Last Friday, they were the poster kids for a pair of hit Disney Channel movies. By Sunday evening, the leads of High School Musical 3: Senior Year — Zac Efron, Vanessa Hudgens, Ashley Tisdale, Lucas Grabeel, Corbin Bleu and Monique Coleman — were bona fide movie stars. The G-rated threequel grossed $42 million in the US in its first weekend, a feat no musical has ever come close to matching (runner-up Mamma Mia! opened to $27.8 million last summer). ”It far exceeded our expectations,” says Disney production chief Oren Aviv. ”And frankly, we already had high expectations.” So with the final basket sunk and the last showstopper sung, where do the Wildcats go from here?
Though star Zac Efron has clearly been voted Most Likely to Succeed in his High School class, it’s still unclear whether the he can carry a movie alone. We’ll find out next April, when he headlines the Big-style comedy 17 Again. The project’s box office fate rests squarely on Efron’s shoulders, but director Burr Steers isn’t worried: ”He’ll be fine making the transition to leading man.

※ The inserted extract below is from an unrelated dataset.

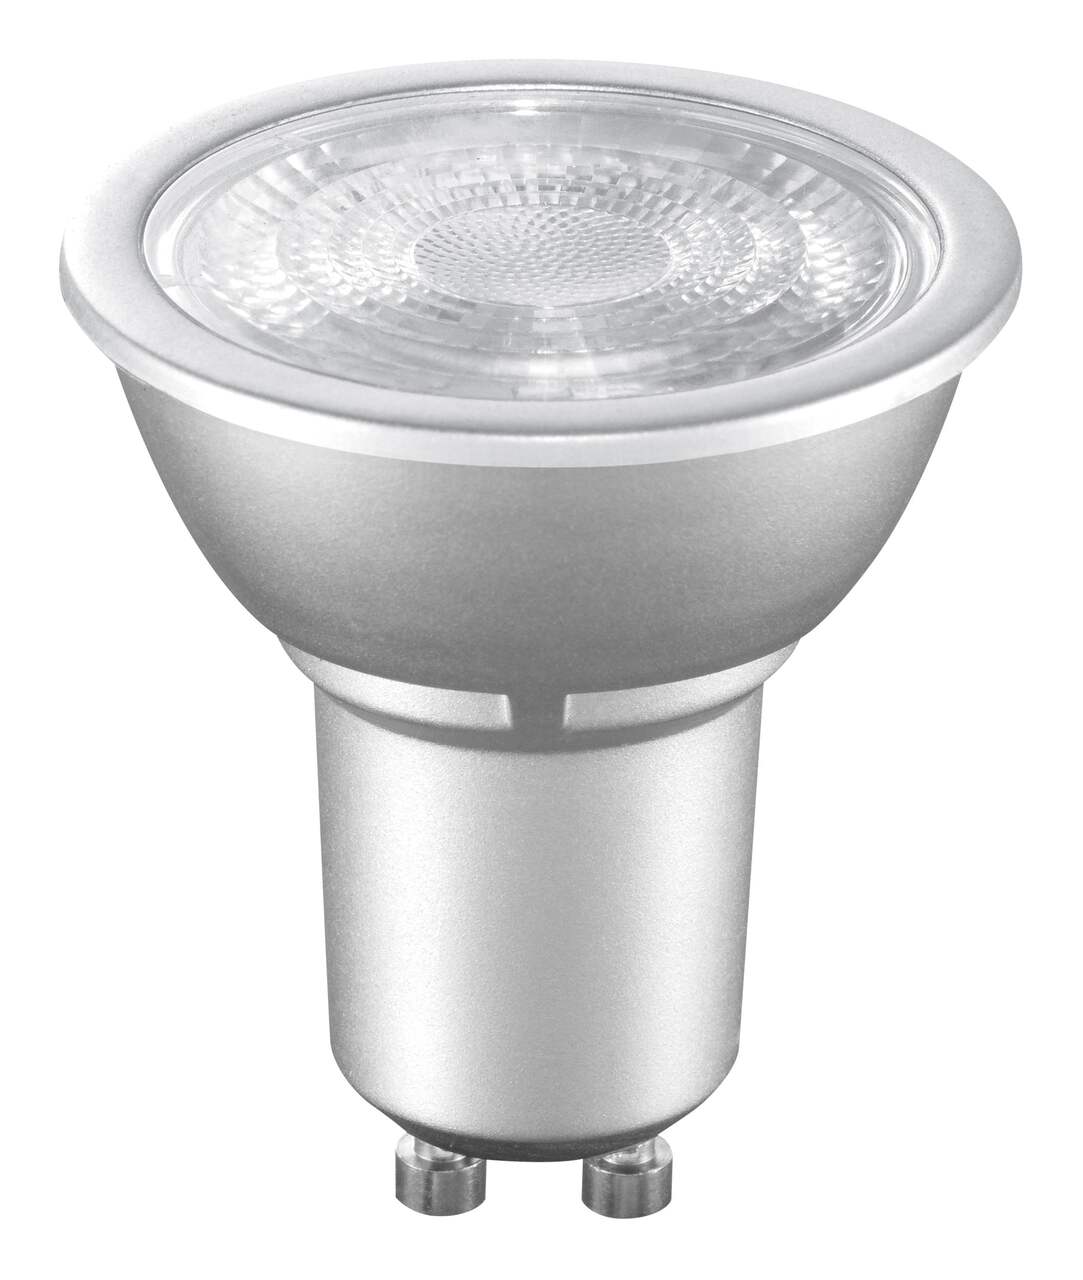 180153  Ampoule à LED avec réflecteur GU10 Orbitec, 4 W, 40 lm

Any doubt of that will be erased by this movie.” The 21-year-old also has an eclectic role in Me & Orson Welles, a Richard Linklater-directed period drama that’s still up for sale after premiering at last year’s Toronto Film Festival. Of course, Efron isn’t ditching his dancing shoes for good: He’s signed on for HSM3 director Kenny Ortega’s musical remake of the 1984 hit Footloose, which has now been fast-tracked for a spring production start to better capitalize on Efron’s current hit. ”It’s going to be a true contemporary role that includes a little more edge and sexuality,” says producer Neil Meron, who also worked with Efron on Hairspray. ”Zac is going to mature away from the Disney persona.”

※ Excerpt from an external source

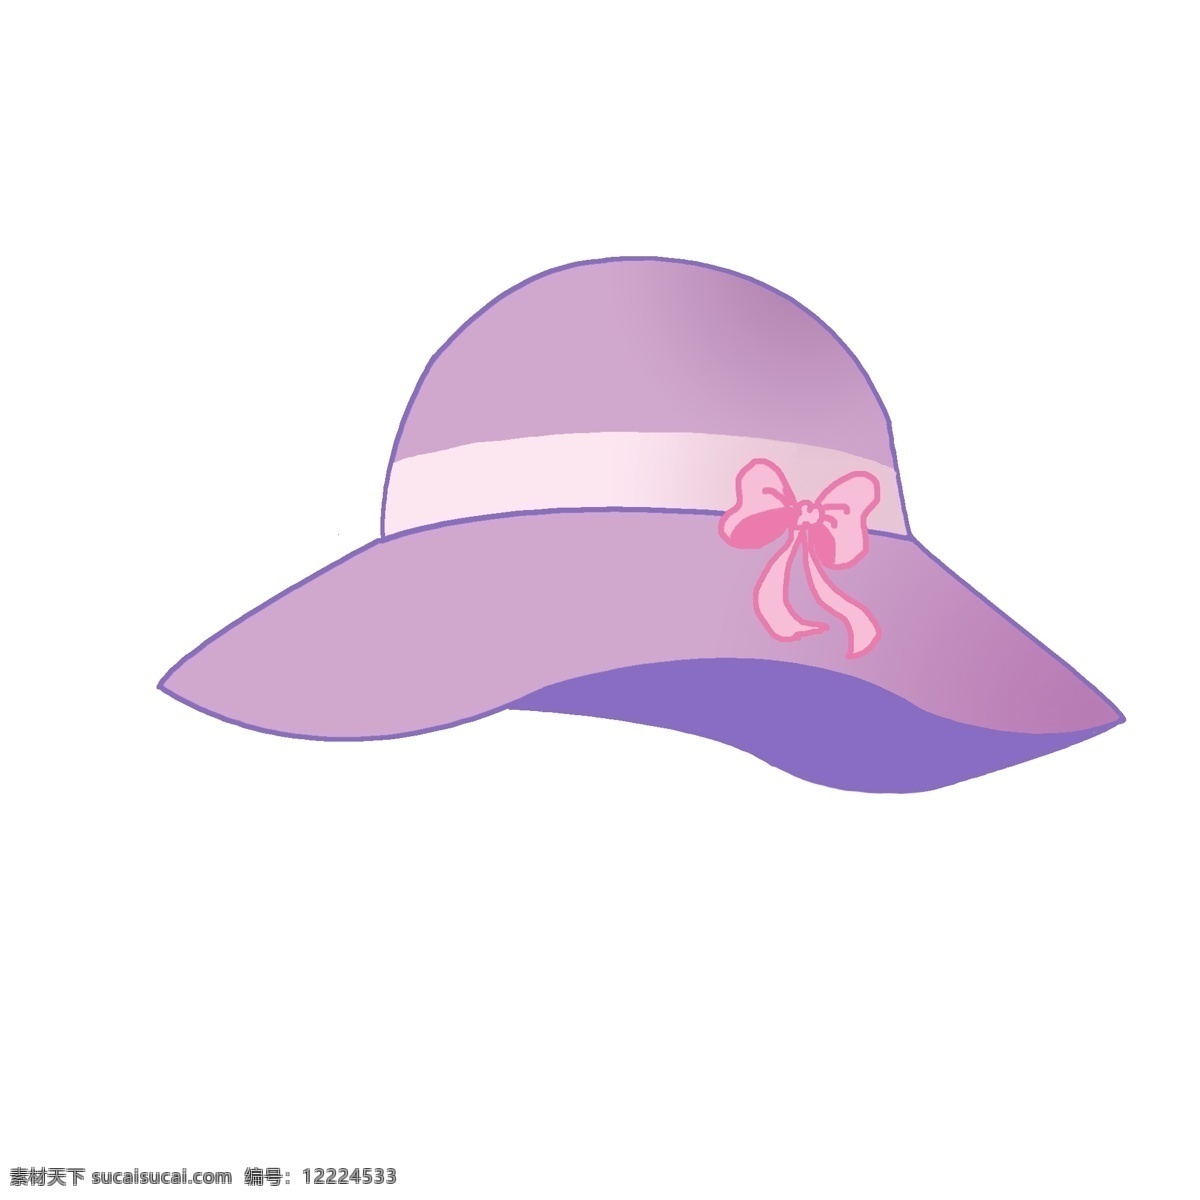 帽子 太阳帽 遮阳帽 紫色 手绘 可爱

Whether his onscreen teammates can do the same is still uncertain. Given the choice of sticking to their young fanbase or moving on to edgier fare, the gals seem to be playing it safe: Next July, Hudgens appears in the high school comedy Bandslam with Lisa Kudrow, while Tisdale — who has a musical remake of 1989’s Teen Witch in development — headlines the family comedy They Came from Upstairs, costarring Doris Roberts and a bunch of cuddly aliens. Coleman has yet to choose a follow-up.
As for the boys, Bleu will shift gears for the moto-cross drama Freestyle (which he coproduced) in January before releasing his second album in February. And Grabeel, who skipped much of the HSM3 press tour to shoot the family comedy Tokyo Jones/Legend of the Dancing Ninja, will be in theaters next month with a small role in Gus Van Sant’s weighty Oscar contender Milk.